Il importe de souligner qu’au niveau de la compréhension de la parole, l’interlocuteur présume que l’énoncé est le plus pertinent possible que le locuteur pouvait produire. Il y a attente de pertinence. C’est pour cette raison que le locuteur est appelé à produire un énoncé optimal. Le MC met en évidence le processus dont l’aboutissement est un énoncé optimal. Ce dernier répond à l’attente de pertinence stipulée par la TP au niveau de la compréhension des énoncés. En d’autres termes, la TP, tout en étant du côté de l’interprétation, est intimement liée au MC dans la communication humaine.

Par ailleurs, nous tenons à souligner que, à part le cas de (140) où le morphème -ki- est manifestement en conflit avec -li-, dans les autres usages de -ki-, le morphème n’est pas en conflit avec un autre morphème.

Le morphème -ki- étant un morphème participant dans le cadre du discours, il faudrait examiner l’apport du Modèle des Inférences Directionnelles (MID) à son interprétation.

5.3.4 –ki- et le Modèle des Inférences Directionnelles (MID)

Dans la discussion précédente de -ki- et le MC, nous avons souligné l’importance des facteurs contextuels. En effet, nous avons argué que les informations contextuelles bloquent les instructions de -ki-. Cette observation s’inscrit bien dans le MID (Moeschler 2000a). Selon le MID, les informations contextuelles sont plus fortes que les informations linguistiques. C’est le principe A du modèle.

Principe A

L’information contextuelle est plus forte que l’information linguistique.

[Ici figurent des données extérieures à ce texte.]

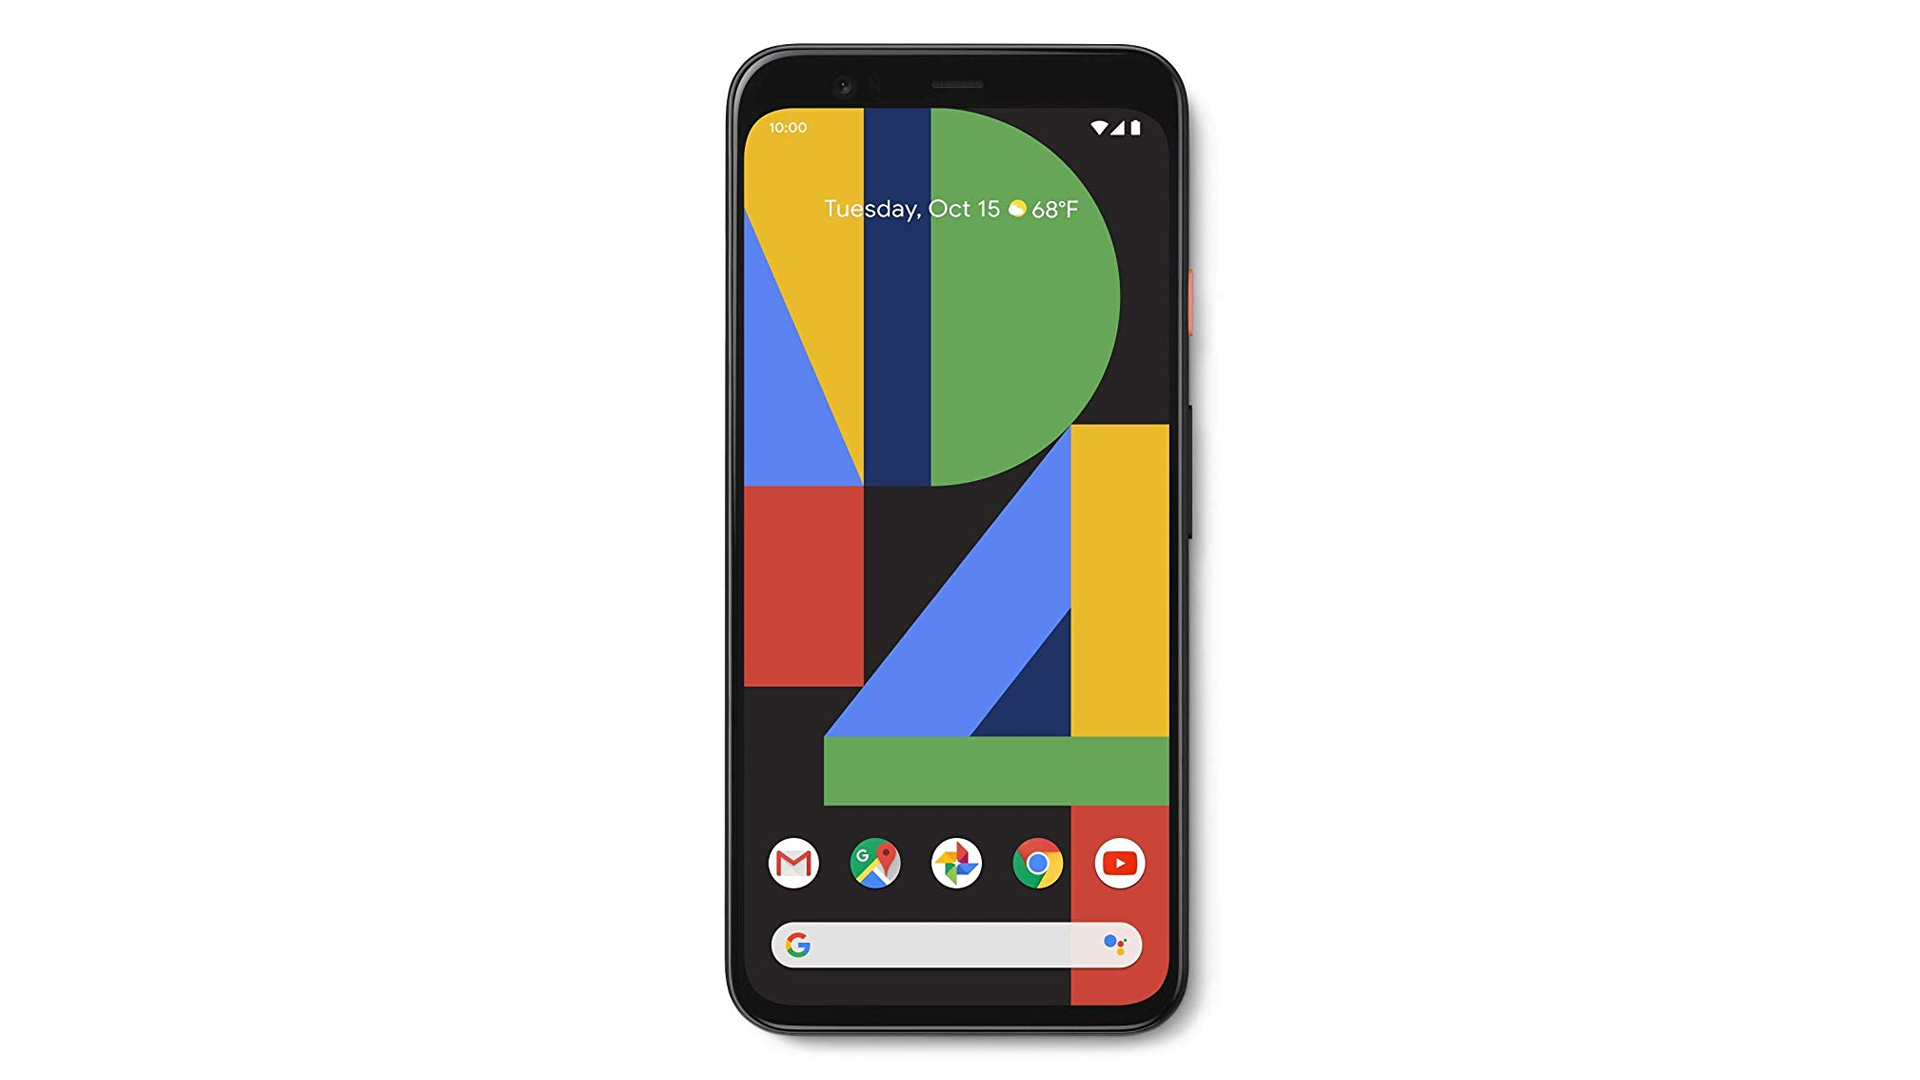 The Google Pixel 4

Dans (140), le morphème -ki- présente les jours comme étant en train de passer.

Mais les informations contextuelles permettent à l’interlocuteur d’interpréter les jours comme étant déjà écoulés. Donc, les instructions de -ki- sont rendues caduques.

La discussion sur les emplois de -ki- nous amène à proposer une hypothèse sur la combinaison de -ki- avec d’autres morphèmes :

Hypothèse

Dans un discours composé de deux éventualités, la présence de -ki- dans la seconde instaure une relation de simultanéité entre elles.5

Soit les exemples (143) à (146) :

(143) A-na-kula a-ki-imba.

Elle/il-MTA-manger elle/il-MTA-chanter

Elle/il mange en chantant.’

(144) A-li-kula a-ki-imba.

Elle/il-MTA-manger elle/il-MTA-chanter

Elle/il a mangé en chantant.’

(145) A-me-kula a-ki-imba.

Elle/il-MTA-manger elle/il-MTA-chanter

Elle/il a mangé en chantant.’

(146) A-ta-kula a-ki-imba.

Elle/il-MTA-manger elle/il-MTA-chanter

Elle/il mangera en chantant.’

On voit que la première éventualité peut être présente (-na-), passé (-li-/-me-) ou future (-ta-). Mais la présence de -ki- dans la seconde éventualité instaure la relation de simultanéité avec la première ; d’où notre hypothèse. Nous développons cette hypothèse dans la discussion détaillée du MID au chapitre 7.